Tuesday, May 15, 2012

The Bachelorette, Emily Maynard - Episode 1

Cinderella was destitute and a bad dresser, you idiot.

Chris Harrison and Emily Maynard sit down for a Q & A sesh...

CHRIS HARRISON - So, you refused to move to Austin for Brad, and here you are. Single as the day is long.

EMILY MAYNARD - No, Brad refused to move to Charlotte for me.

CHRIS HARRISON - Hmmm... That's strange, because in our two successful relationships in the fifty-season history of this show, Trista moved to Colorado to be with Charlie, and Molly moved to Seattle for Jason.

EMILY MAYNARD - I guess I'm a little different than the other girls.

CHRIS HARRISON  - And that's gotta change. Casting demanded "sweet Southern gentility", so if anybody asks, you were married when you got pregnant. Got it?


CHRIS HARRISON- Either get it, or you're headed back to the PR department of that shitty children's hospital.

EMILY MAYNARD - **shudders** Ok, got it.

Tony of Portland, OR enters with a glass slipper on a pillow...

EMILY MAYNARD -  Golly gee, is that a Cinderella slipper on a pillow?

TONY PIEPER - You know it!

EMILY MAYNARD - So you're saying I seem poor.

TONY PIEPER  - Um, er... No?

EMILY MAYNARD - Well, Cinderella was fucking destitute. **catches Chris Harrison glaring at her** Uh, I mean, aren't you the sweetest thing? See you hopefully only after I've had a few drinks!

CHRIS HARRISON - **whispers** Nice save. Next time, mention biscuits or something else Southern.

Token black guy Lerone enters...

LERONE ANU - Hello. I'm only here so I can prepare for a lawsuit deposition.


Travis of Madison, MS enters, holding a dragon egg from Game of Thrones...

EMILY MAYNARD  - Is that an egg?

TRAVIS POPE - Yes, genius. It represents your ovary that I plan on fertilizing in front of all these other men. I'm really into Darwinism.

EMILY MAYNARD - **looks at Chris Harrison, frightened** Chris?

CHRIS HARRISON - WW Blanche Dubois do?

EMILY MAYNARD -  Kill herself.

CHRIS HARRISON - Before she went crazy.

EMILY MAYNARD  - **gets herself together** Ahem. You are so creative!

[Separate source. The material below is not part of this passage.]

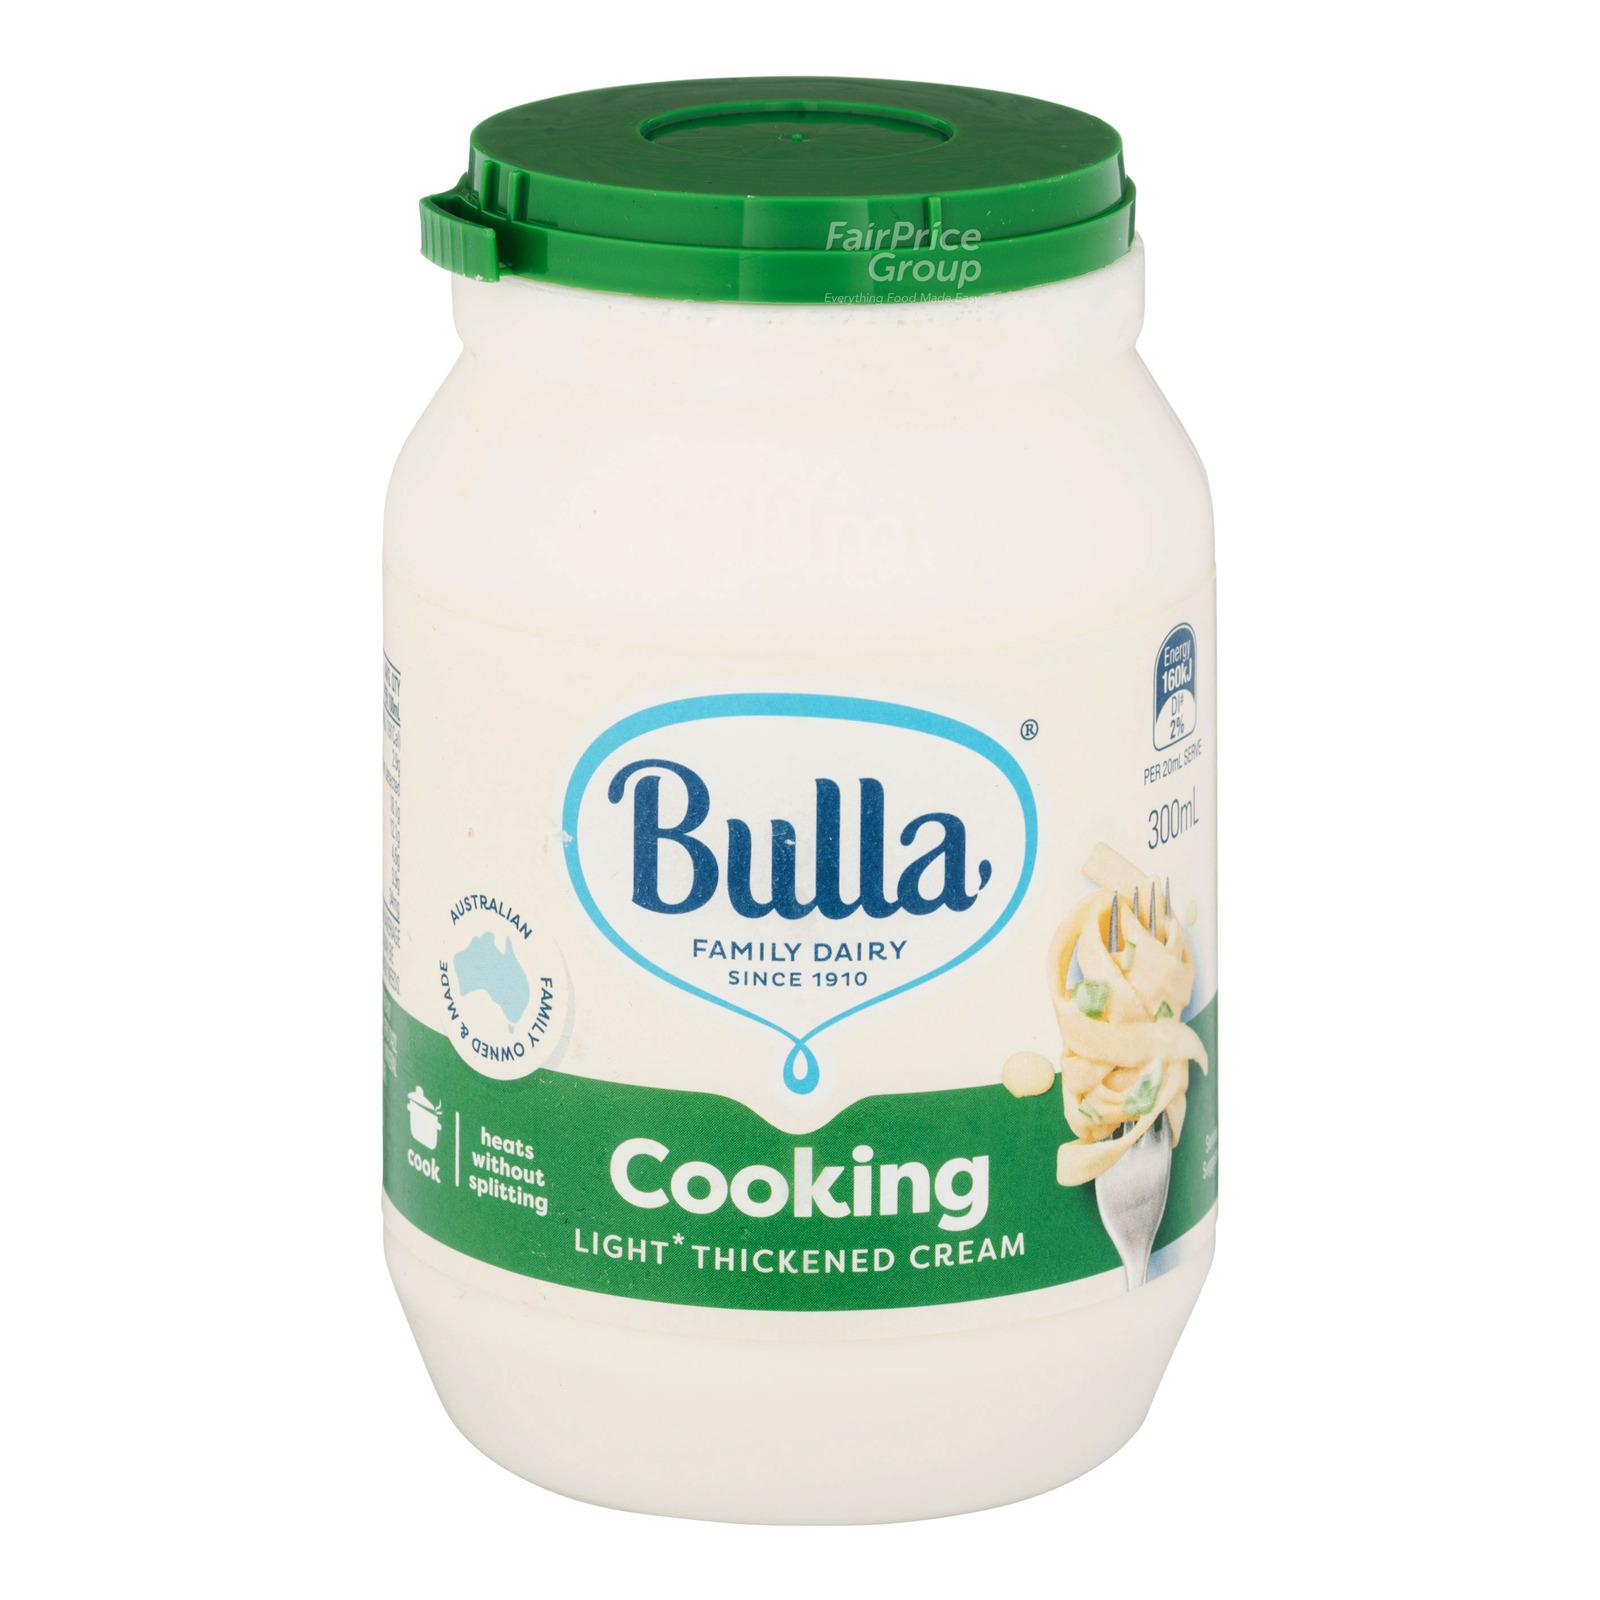 Bulla Thickened Cream - Cooking (Light)

TRAVIS POPE - That's what my mom says, too.

Doug enters with a handwritten note...

DOUG CLERGET - Hi, Emily. My son wrote you a note.

EMILY MAYNARD - Loose leaf paper, huh? Bitchin'. Er, I meant, "bless his heart." **reads aloud**

"Dear Emily, my daddy is the bestest and when he has sleepovers it sounds like the monkey house at the zoo! I love monkeys. And horses, too!"

DOUG CLERGET - That's m'boy.

EMILY MAYNARD - He's very advanced at writing for someone so young.

DOUG CLERGET  - Yep. He's ranked 362 in his 10th grade class.

Brent enters wearing a supes-cool name tag...

BRENT MEKOSH - I have six kids. You hear me? SIX FUCKING KIDS.


BRENT MEKOSH - I need a wife so bad. I'm going crazy.

EMILY MAYNARD - Ok, see you inside!

BRENT MEKOSH - They poop. And they cry. And when I lock them in the basement, they slip notes under the door saying they're hungry.

EMILY MAYNARD - Alright! Talk to you inside!

BRENT MEKOSH  - After only four hours down there! It's called patience, you little shits! I HATE YOU ALL!!!!!!!!!

Jef is dragged behind the limo on a skateboard...

JEF HOLM - Sup, bitch. **throws skateboard in the bushes**

EMILY MAYNARD - Ah, the quintessential Long Beach douchebag. Sublime stopped existing ten years ago.

JEF HOLM - I'm actually from Salt Lake City. But I'm surprised you would say such hurtful things. I thought you were from the South?

EMILY MAYNARD - You addressed me as "bitch!" What the fuck do you think this is - 

CHRIS  HARRISON - **taps Emily on the ass** Children's hospital. Children's hospital.

EMILY MAYNARD - Shit. Gee willikers, Jef with one F, you're the coolest!

JEF HOLM - Phew. For a second, I worried you were going to be like Ali Fedotowsky. With opinions n' shit.

EMILY MAYNARD - Little ol' me? Naw! Rush inside for fresh-baked biscuits!

Stevie the Party MC enters holding a ghetto blaster...  

STEVIE - **raps** My name is Stevie and I'm here to say, I love Emily Maynard in a major wa-

EMILY MAYNARD - Stevie? STEVIE? **turns to Chris Harrison** I can't.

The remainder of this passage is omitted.